Collection entries
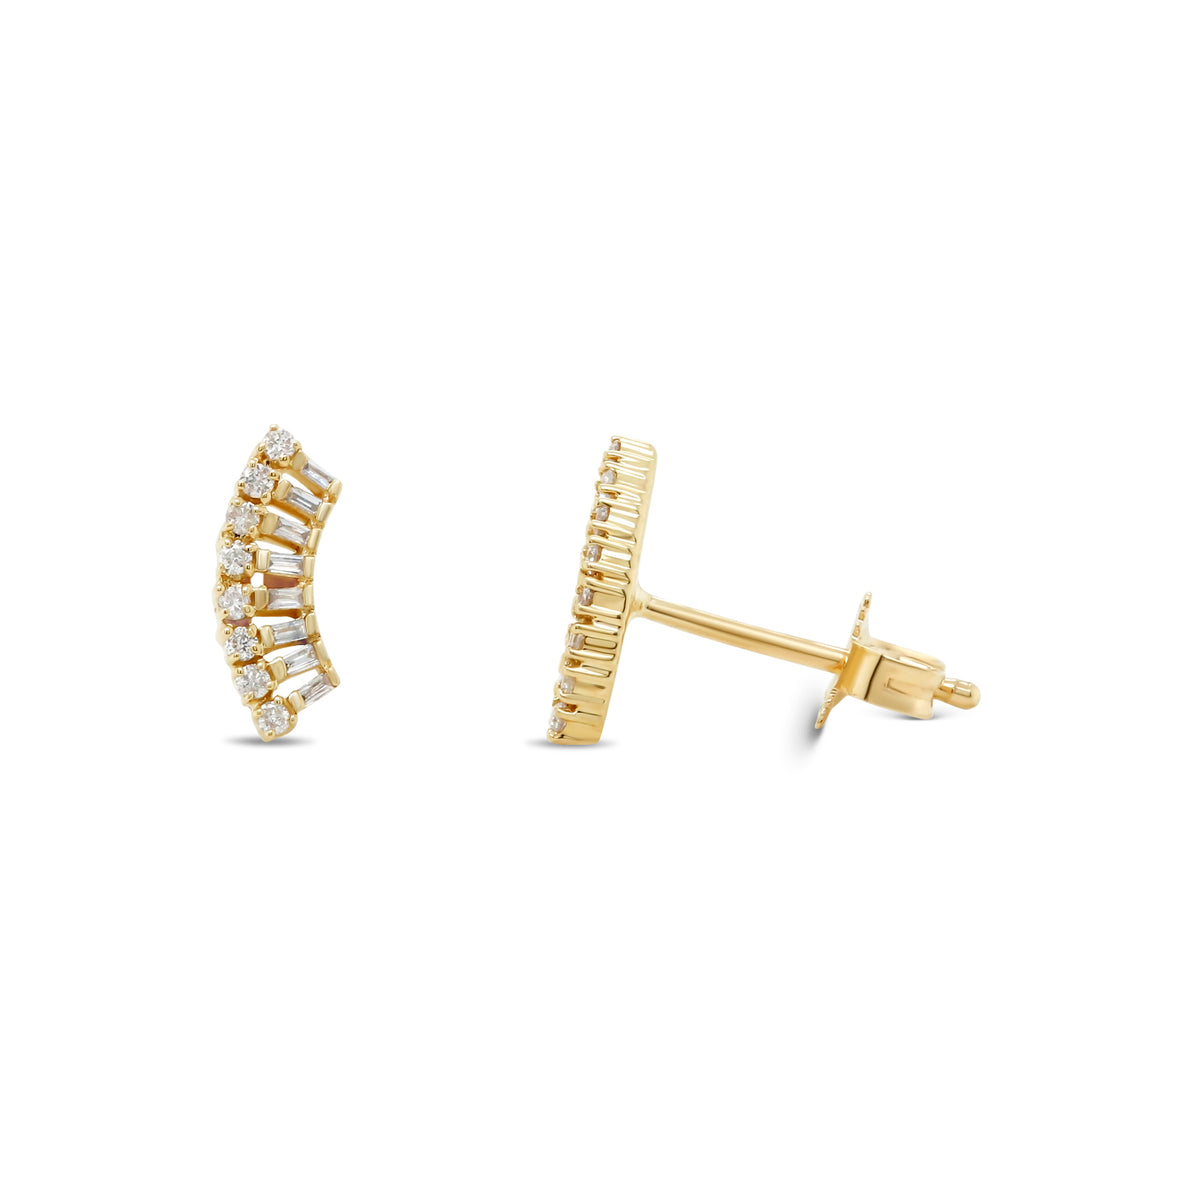 14k yellow gold baguette and round cut diamond ear climber stud earrings
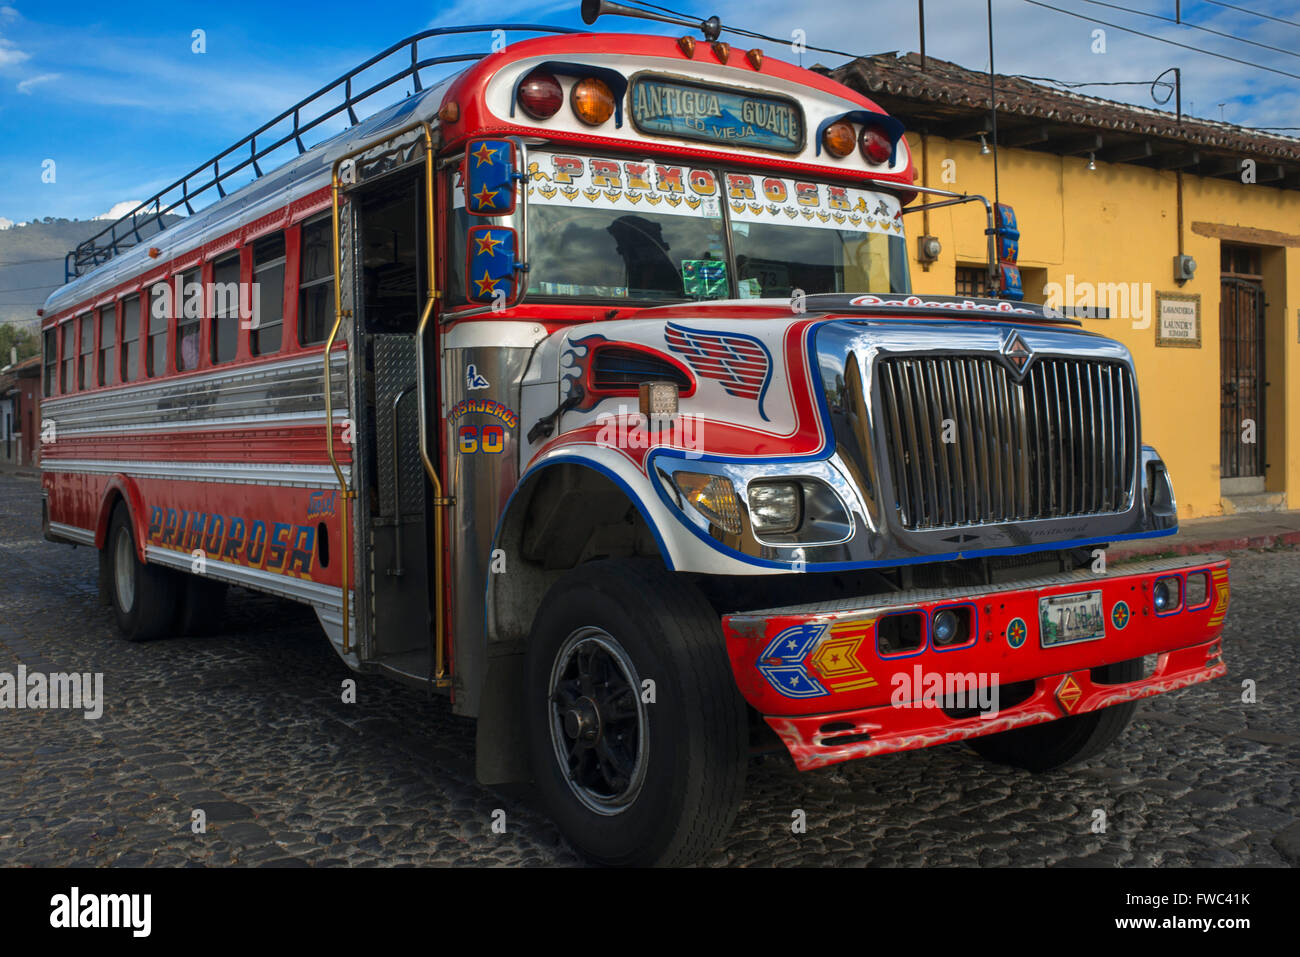 Chicken bus, Antigua, Guatemala, Central America. Antigua, typical colorful and decorated bus. Stock Photo
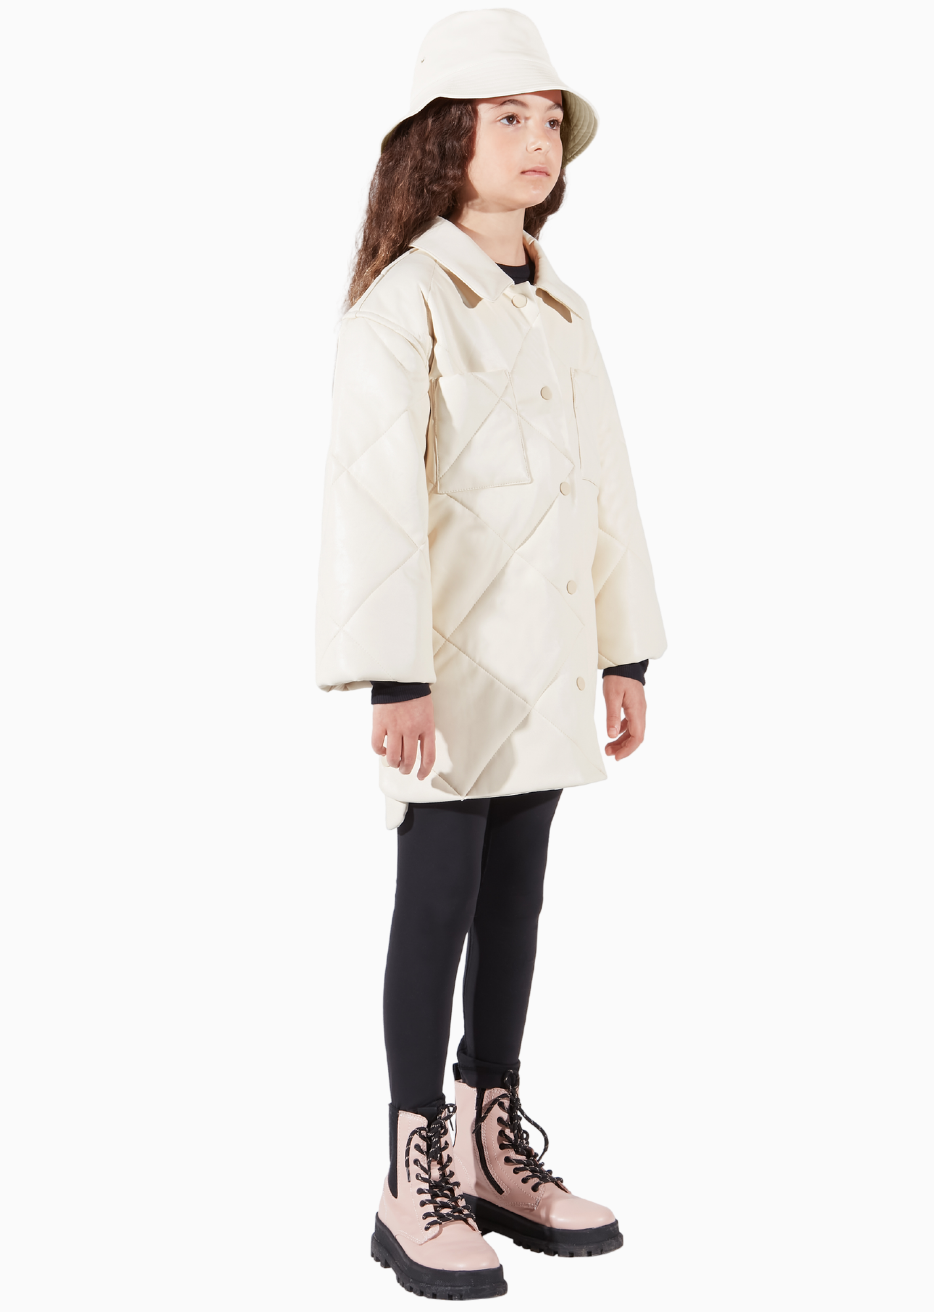 Charlie White Champagne Quilted Vegan Leather Shacket Kids Sustainable Spring Fashion
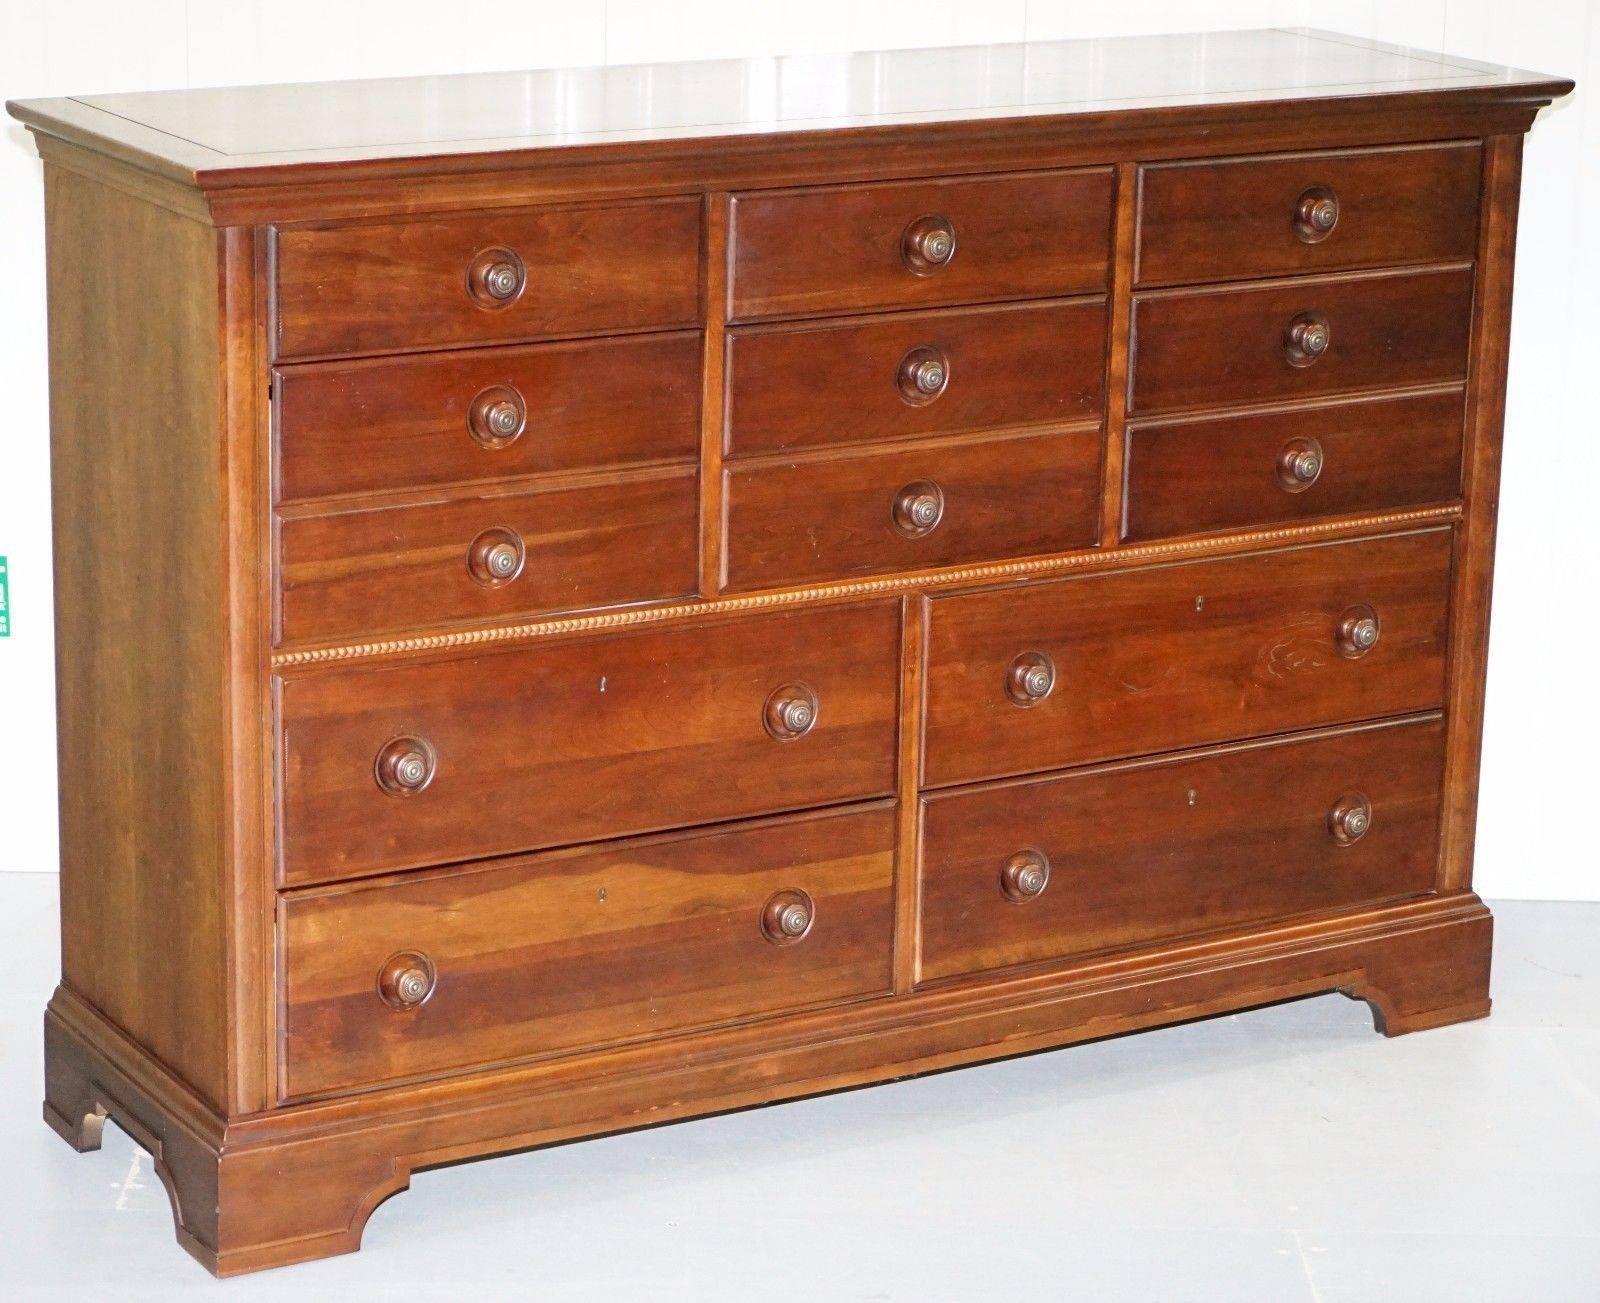 Lovely Stanley furniture large bank of drawers with mirror

Please note the delivery fee listed is just a guide, for an accurate quote please send me your postcode and I’ll price it up for you

This is part of a set, I have the matching bedside

ACTIVITY: The entries above need to be transcribed exactly, with the images left out.

SOLUTION TO THIS EXERCISE:
 14k yellow gold baguette and round cut diamond ear climber stud earrings
 Chicken bus, Antigua, Guatemala, Central America. Antigua, typical colorful and decorated bus. Stock Photo
 Charlie White Champagne Quilted Vegan Leather Shacket Kids Sustainable Spring Fashion
 Lovely Stanley furniture large bank of drawers with mirror

Please note the delivery fee listed is just a guide, for an accurate quote please send me your postcode and I’ll price it up for you

This is part of a set, I have the matching bedside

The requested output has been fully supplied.